“You’re no fun,” the big man whined. “You never let me finish anyone.”
“You can play later,” the tall man replied. “I’ve been wanting to test the output of my elemental blade ever since I ranked-up the skill. Now a perfect specimen has appeared before our eyes. If there’s anything left after my attack, you can have the rest.”
While they were busy arguing, Edge looked at the floor and froze in place. He was doing everything that he could to avoid attracting their attention. Fighting back never even occurred to him.
These guys didn’t need their skills to kill Edge. With their cycled-up cores, they could take him apart with their bare hands. They’d already proven that he couldn’t inflict more than superficial damage, even if he managed to land a blow.
He’d lost track of the countdown while he was unconscious. But if he could stay alive for just a few more minutes and make it back to the reliquary, then maybe, just maybe, he could still turn this around.
The tall man walked over to where he was lying on the floor. He looked down at Edge like he was vermin. An insect about to be squashed.
“Here’s the rule. I’m going to hit you with my skill. You can try to dodge, but it won’t work. If you survive, you win. No one has yet, but there’s always a chance.”
With those words, the jailbird’s core ignited. Mana went streaming into his hand, which began to glow with a pale blue light that reminded Edge of the heart of a glacier. Wreathed in billowing frost, a flawless blade of ice emerged from the center of his clenched fist, a stark white grip extending past the other side.
Within the span of a breath, the elemental blade was fully formed. A three-foot sword so cold that it put a chill in Edge’s bones, trailing fog behind it as it froze the moisture in the air.

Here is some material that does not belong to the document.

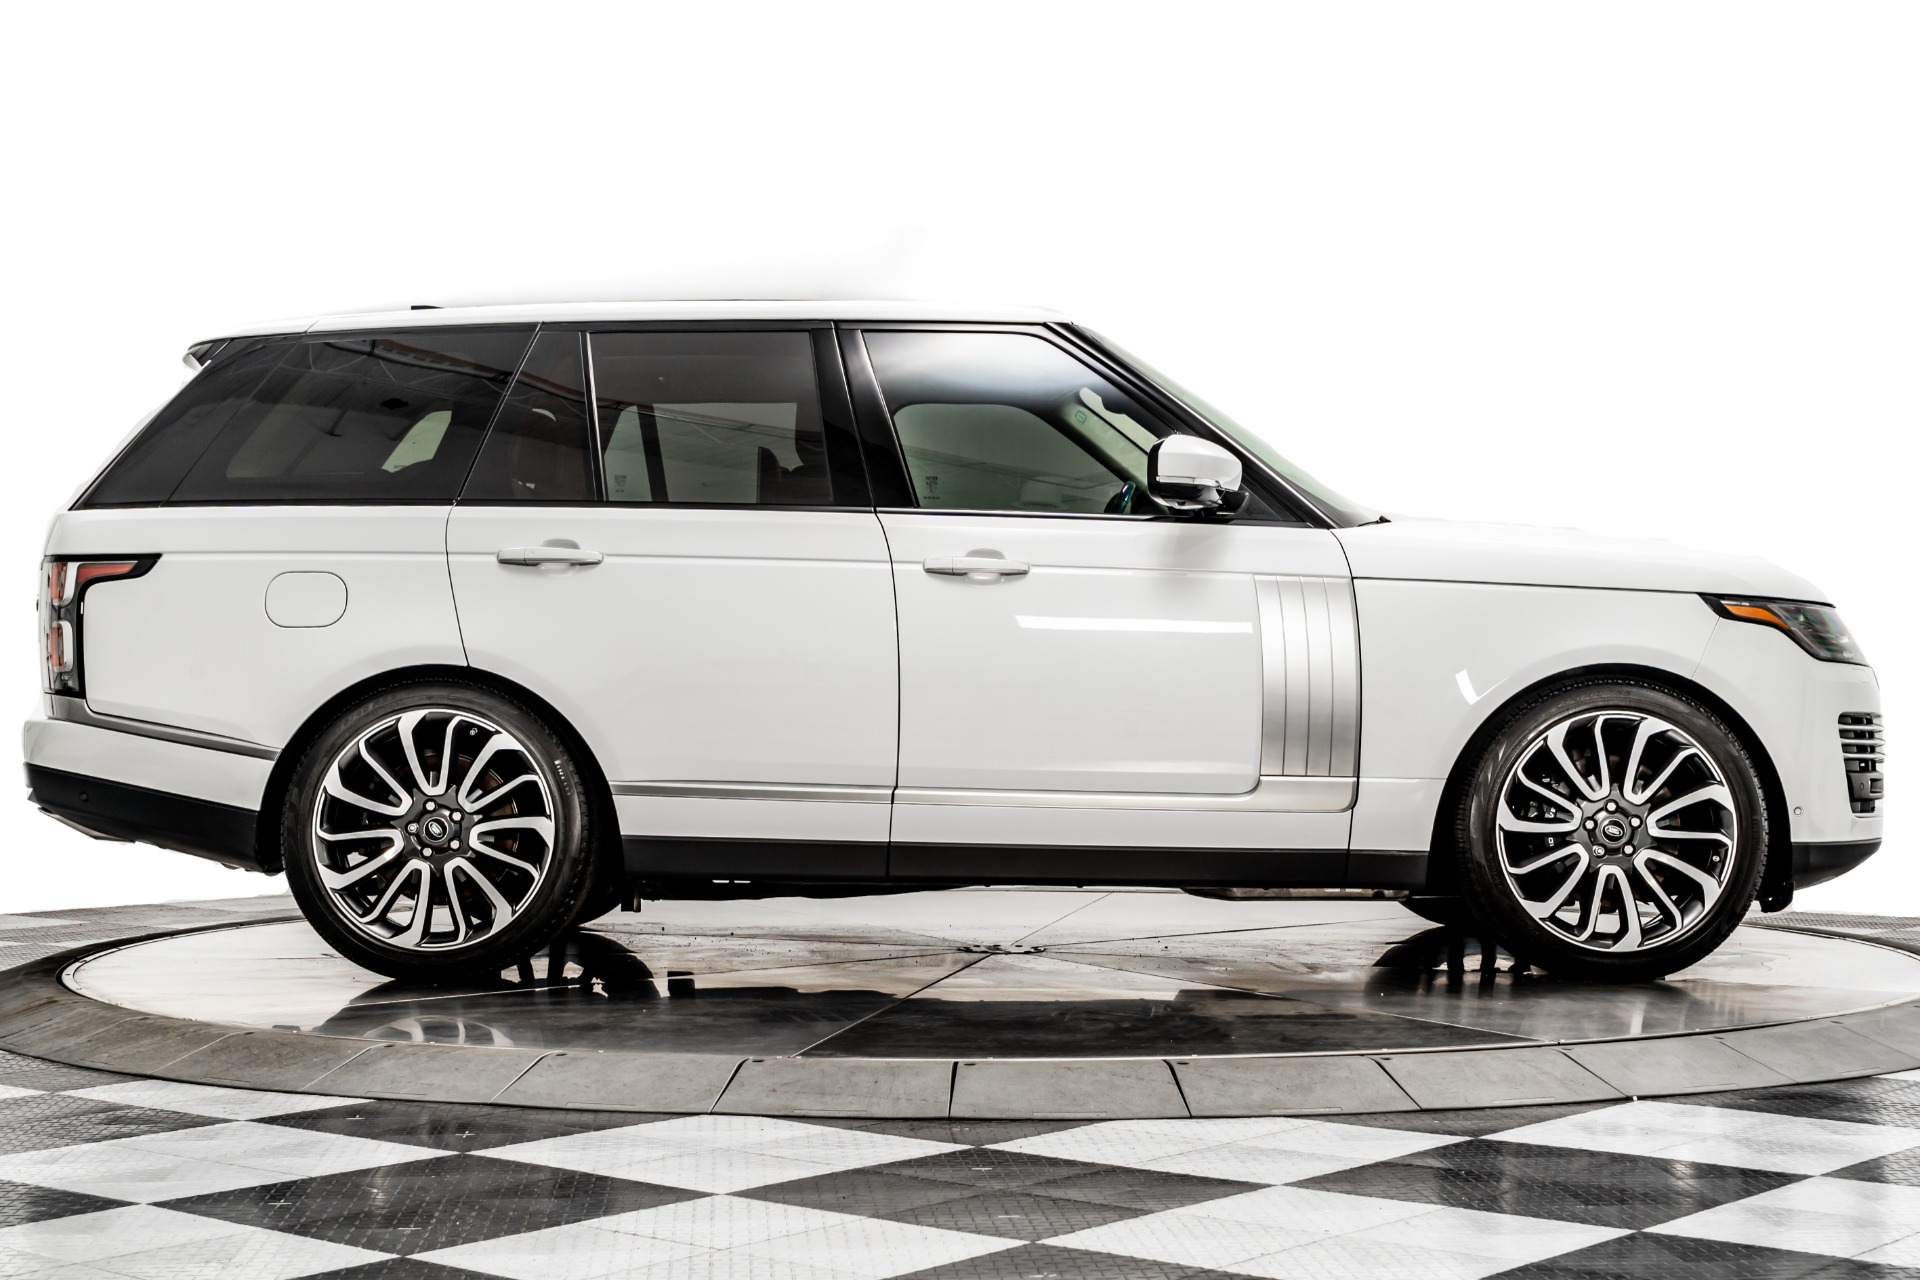 Used 2020 Land Rover Range Rover Autobiography For Sale ($114,900) |  Marshall Goldman Beverly Hills Stock #W23132

He looked up at the agile prisoner, who radiated a smoldering menace that was even more terrifying than his companion’s cheerful bloodlust. He could tell the moment their eyes met that nothing he could say would stop the man from attacking with that deadly power.
Over the last few seconds, the air around the iceblade had grown so cold that it made Edge shiver from where he sat. Distracting him won’t work. Dodging won’t either. The only chance I have is to deflect or block the blade. The seal should finish breaking any moment.
That was all the time that Edge had to reflect on his situation. Because at that point, the tall man raised his sword of ice and then brought it down in a streaking slash.
Unable to run, unable to dodge, Edge watched as the elemental blade descended toward his body. The moment that it touched his chest, it would freeze his heart and all the blood in his veins, killing him instantly.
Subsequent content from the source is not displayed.